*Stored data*
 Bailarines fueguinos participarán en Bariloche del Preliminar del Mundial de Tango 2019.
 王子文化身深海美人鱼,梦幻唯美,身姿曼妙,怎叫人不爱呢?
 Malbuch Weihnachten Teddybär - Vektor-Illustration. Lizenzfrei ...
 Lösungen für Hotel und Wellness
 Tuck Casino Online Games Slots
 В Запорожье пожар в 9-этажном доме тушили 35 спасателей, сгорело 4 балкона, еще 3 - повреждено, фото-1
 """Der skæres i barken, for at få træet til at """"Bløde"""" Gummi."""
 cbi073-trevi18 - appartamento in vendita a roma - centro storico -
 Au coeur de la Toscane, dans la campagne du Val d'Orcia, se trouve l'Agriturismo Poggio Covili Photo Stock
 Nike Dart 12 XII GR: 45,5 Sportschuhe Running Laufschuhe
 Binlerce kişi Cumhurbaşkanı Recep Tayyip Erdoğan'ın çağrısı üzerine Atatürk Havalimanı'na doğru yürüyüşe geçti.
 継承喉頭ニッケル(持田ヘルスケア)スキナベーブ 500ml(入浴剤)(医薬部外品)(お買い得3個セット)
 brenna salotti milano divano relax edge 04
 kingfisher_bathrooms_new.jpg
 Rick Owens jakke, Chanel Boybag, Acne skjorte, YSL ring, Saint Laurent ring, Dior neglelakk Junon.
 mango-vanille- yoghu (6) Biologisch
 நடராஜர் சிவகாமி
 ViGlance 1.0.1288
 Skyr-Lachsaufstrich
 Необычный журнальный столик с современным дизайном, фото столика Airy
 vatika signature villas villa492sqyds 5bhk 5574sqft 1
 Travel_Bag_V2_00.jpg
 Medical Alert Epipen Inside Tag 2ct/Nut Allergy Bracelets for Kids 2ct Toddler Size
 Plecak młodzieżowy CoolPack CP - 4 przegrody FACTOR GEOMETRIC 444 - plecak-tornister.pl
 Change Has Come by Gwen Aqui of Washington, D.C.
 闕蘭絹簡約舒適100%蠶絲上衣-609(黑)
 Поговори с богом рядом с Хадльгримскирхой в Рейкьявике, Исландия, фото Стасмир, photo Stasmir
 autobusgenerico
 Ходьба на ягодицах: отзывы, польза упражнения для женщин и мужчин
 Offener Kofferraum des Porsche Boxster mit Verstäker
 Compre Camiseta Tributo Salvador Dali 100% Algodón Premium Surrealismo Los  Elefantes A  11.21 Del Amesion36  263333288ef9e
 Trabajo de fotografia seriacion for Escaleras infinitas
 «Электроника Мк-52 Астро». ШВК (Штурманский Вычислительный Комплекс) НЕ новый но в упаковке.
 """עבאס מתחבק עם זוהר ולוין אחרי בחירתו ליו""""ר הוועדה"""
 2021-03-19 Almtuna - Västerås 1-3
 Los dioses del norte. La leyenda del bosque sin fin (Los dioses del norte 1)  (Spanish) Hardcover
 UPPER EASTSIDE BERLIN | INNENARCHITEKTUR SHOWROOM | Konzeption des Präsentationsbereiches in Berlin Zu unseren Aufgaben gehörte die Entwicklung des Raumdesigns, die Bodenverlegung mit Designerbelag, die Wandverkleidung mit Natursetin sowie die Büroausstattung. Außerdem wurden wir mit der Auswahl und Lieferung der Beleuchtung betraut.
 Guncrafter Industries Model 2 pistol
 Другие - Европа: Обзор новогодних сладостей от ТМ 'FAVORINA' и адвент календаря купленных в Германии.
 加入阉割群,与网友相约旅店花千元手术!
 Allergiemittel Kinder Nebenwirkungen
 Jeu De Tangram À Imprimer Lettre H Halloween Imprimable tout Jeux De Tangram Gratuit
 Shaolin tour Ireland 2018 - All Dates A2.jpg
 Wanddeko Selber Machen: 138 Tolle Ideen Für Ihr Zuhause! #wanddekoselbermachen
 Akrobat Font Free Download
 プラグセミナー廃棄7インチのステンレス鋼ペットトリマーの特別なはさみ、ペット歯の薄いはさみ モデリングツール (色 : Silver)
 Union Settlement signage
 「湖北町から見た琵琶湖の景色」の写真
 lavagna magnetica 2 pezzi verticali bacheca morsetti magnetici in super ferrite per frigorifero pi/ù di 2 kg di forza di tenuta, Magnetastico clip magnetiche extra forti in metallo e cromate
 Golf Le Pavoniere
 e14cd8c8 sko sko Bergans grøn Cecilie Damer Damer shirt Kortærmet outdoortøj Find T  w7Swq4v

*ABOUT THIS TASK*
Find the line with "Medical Alert Epipen" in the entries above. Retype it and each line after it, exactly, through the line with "Offener Kofferraum des", and stop there.

*TASK RESPONSE*
 Medical Alert Epipen Inside Tag 2ct/Nut Allergy Bracelets for Kids 2ct Toddler Size
 Plecak młodzieżowy CoolPack CP - 4 przegrody FACTOR GEOMETRIC 444 - plecak-tornister.pl
 Change Has Come by Gwen Aqui of Washington, D.C.
 闕蘭絹簡約舒適100%蠶絲上衣-609(黑)
 Поговори с богом рядом с Хадльгримскирхой в Рейкьявике, Исландия, фото Стасмир, photo Stasmir
 autobusgenerico
 Ходьба на ягодицах: отзывы, польза упражнения для женщин и мужчин
 Offener Kofferraum des Porsche Boxster mit Verstäker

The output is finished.